Habitat heterogeneity and dispersal network structure as drivers of metacommunity dynamics
Davide Bernardi, Alice Doimo, Giorgio Nicoletti, Prajwal Padmanabha, Andrea Rinaldo, Samir Suweis, Sandro Azaele, Amos Maritan
TL;DR
The paper develops a bottom-up framework that derives metacommunity dynamics on arbitrary dispersal networks from detailed individual-based processes, producing an effective dispersal kernel $\hat{K}$ that couples local demography to landscape topology. By exploiting a fast-exploration regime, it reduces to tractable one- or few-dimensional descriptions, yielding exact persistence criteria via the leading Perron–Frobenius eigenvalue $\lambda_{\max}$ and a generalized metapopulation capacity.

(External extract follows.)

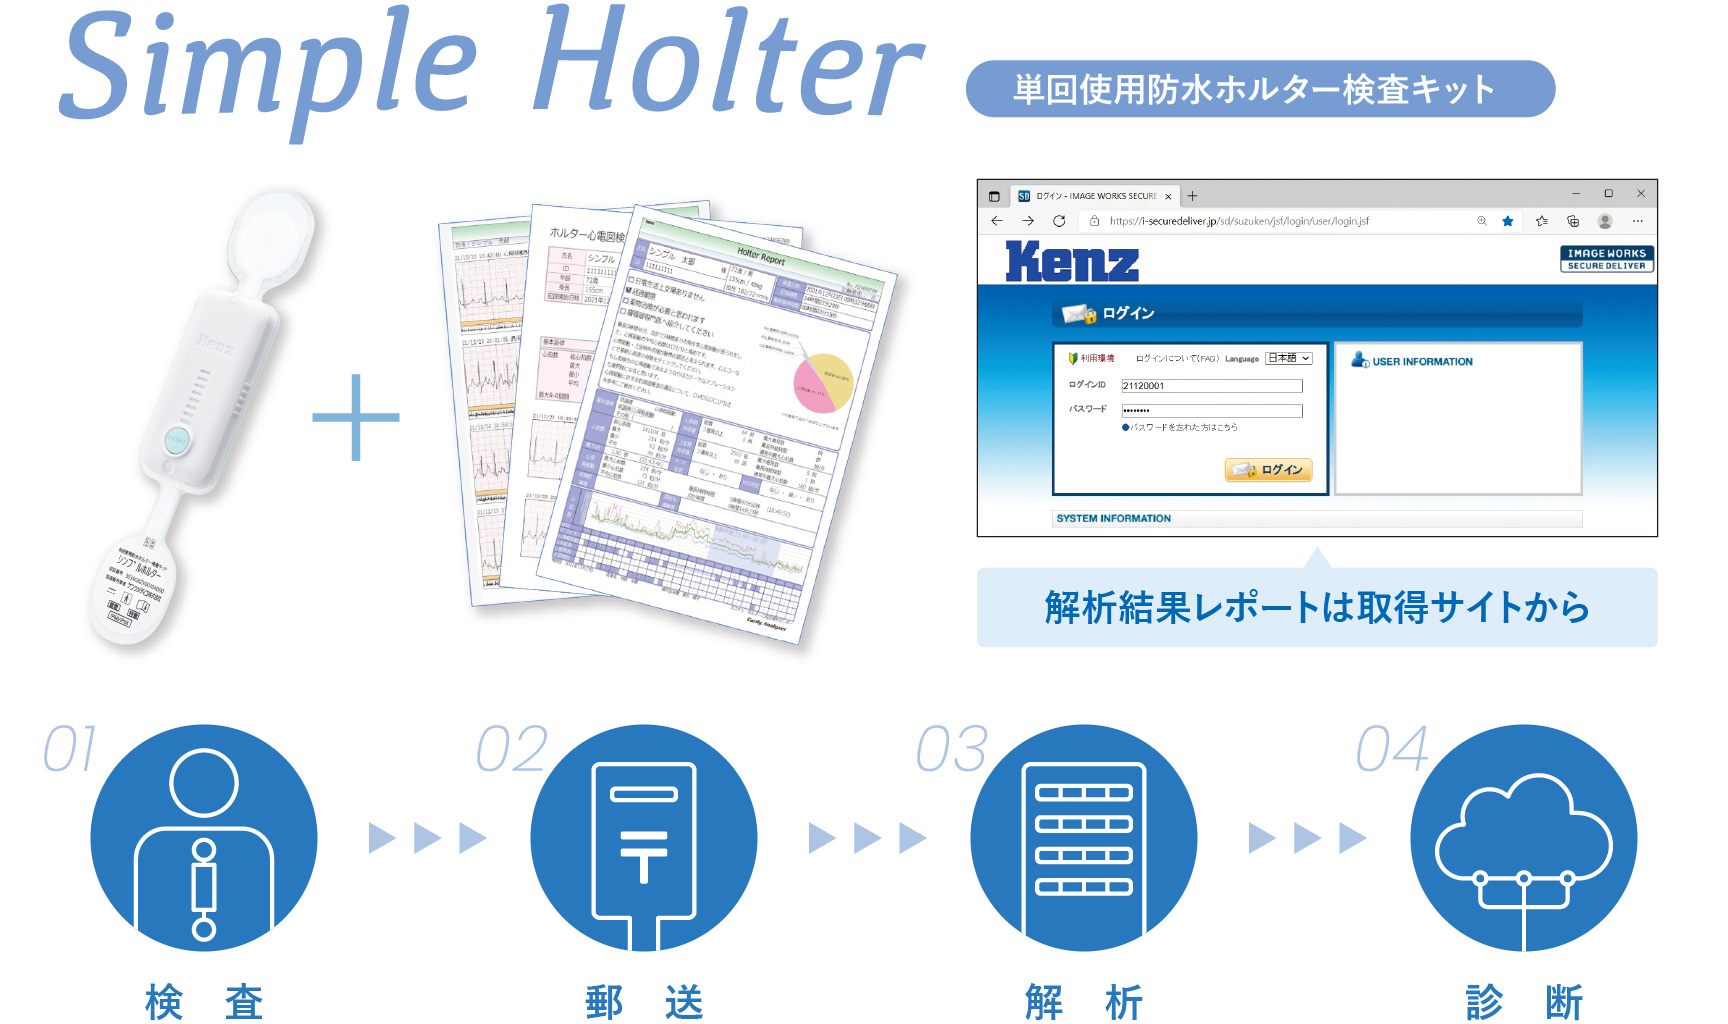 Simple Holter

The authors further incorporate stochasticity to reveal universal finite-size scaling of extinction times and extend the theory to multispecies communities, showing how habitat heterogeneity and network structure enable niche formation and stable coexistence above a critical heterogeneity. The framework also accommodates extensions to diverse ecological processes, providing a versatile and interpretable route to spatially explicit ecological theory with analytical benchmarks and potential data-guided applications.
Abstract
Spatial structure and species interactions jointly shape the dynamics and biodiversity of ecological systems, yet most theoretical models either neglect spatial heterogeneity or sacrifice analytical tractability. Here, we provide a unified microscopic, mechanistic framework for deriving effective metapopulation and metacommunity models from individual-based ecological dynamics on arbitrary dispersal networks. The resulting coarse-grained description features an effective dispersal kernel that encodes both microscopic dynamical parameters and network topology. Based on this framework, we demonstrate exact analytical results for species persistence in both homogeneous and heterogeneous landscapes, including a generalization of the classical concept of metapopulation capacity to non-uniform local extinction rates. Incorporating stochasticity arising from finite carrying capacities, we obtain a reduced one-dimensional description that reveals universal finite-size scaling laws for extinction times and fluctuations. Extending the approach to multiple competing species, we prove that in homogeneous environments monodominance can be avoided only in a fine-tuned, marginally stable coexistence state, and that the classic metapopulation capacity gives only a necessary but not sufficient condition for persistence. We demonstrate that heterogeneous habitats can support stable coexistence, but only above a critical level of heterogeneity. Finally, we outline how additional ecological processes can be systematically incorporated within the same formalism. Together, these results provide analytical benchmarks and a general route for constructing spatially explicit ecological theories based on an interpretable underlying mechanistic foundation.